À Ziguinchor, le malaise gagne les structures sanitaires. En tout cas c’est l’objet de la sortie ce mercredi de l’intersyndicale. Le syndicat des travailleurs du Centre hospitalier régional et de l’Hôpital de la Paix a dénoncé, les « conditions de fonctionnement très difficiles » du système de santé dans la région.
Dans un communiqué lu par son secrétaire général, Siméon Faye, l’intersyndicale a « interpellé l’opinion nationale et les autorités » sur une situation jugée « insoutenable » en ce début d’année 2026.
Selon les travailleurs, les établissements peinent désormais à assurer leur mission première : offrir des soins de qualité aux populations. En cause, un déficit de moyens financiers et matériels. « Les deux hôpitaux n’ont pas encore reçu la dernière tranche de subvention de l’année 2024 », a déclaré M. Faye. Une situation qui, d’après lui, entraîne des conséquences directes sur la prise en charge des patients : « ruptures de soins, difficultés d’approvisionnement et démotivation croissante du personnel’’, affirme-t-il
Les syndicalistes pointent également le retard dans le versement des fonds de dotation communale, attendus depuis novembre 2025. À cela s’ajoutent des arriérés d’indemnités, des primes impayées et une dette accumulée auprès des fournisseurs.

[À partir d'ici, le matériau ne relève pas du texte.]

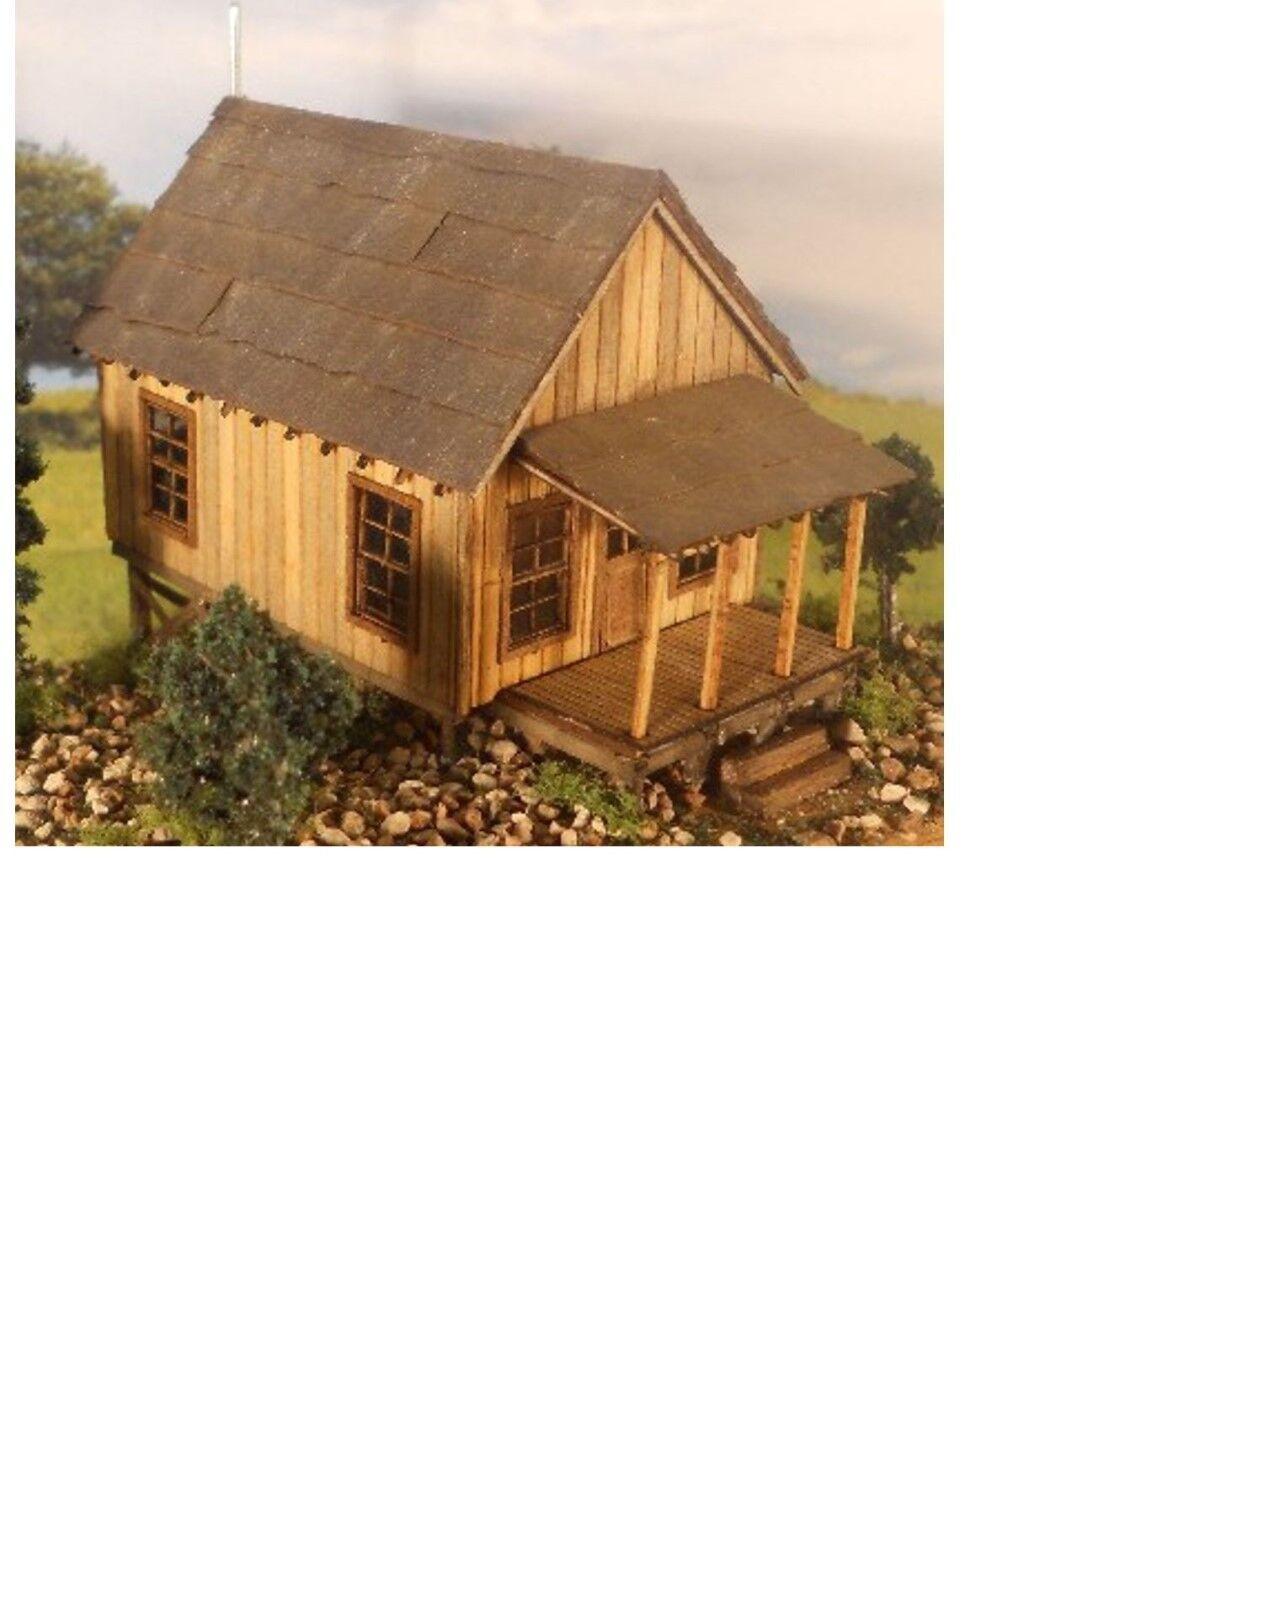 H0 / HOn3    Carl's cabin Kit 2048

Autre sujet d’inquiétude, l’absence, « depuis un temps ‘’, de budget de consolidation d’investissement (BCI) alloué aux structures sanitaires. Ces fonds sont pourtant essentiels pour l’acquisition d’équipements et le renouvellement du matériel médical.
Face à l’accumulation de difficultés, les travailleurs appellent les autorités à accorder une attention urgente au secteur de la santé dans la région, estimant que la santé des populations ne peut continuer à dépendre de contraintes budgétaires persistantes.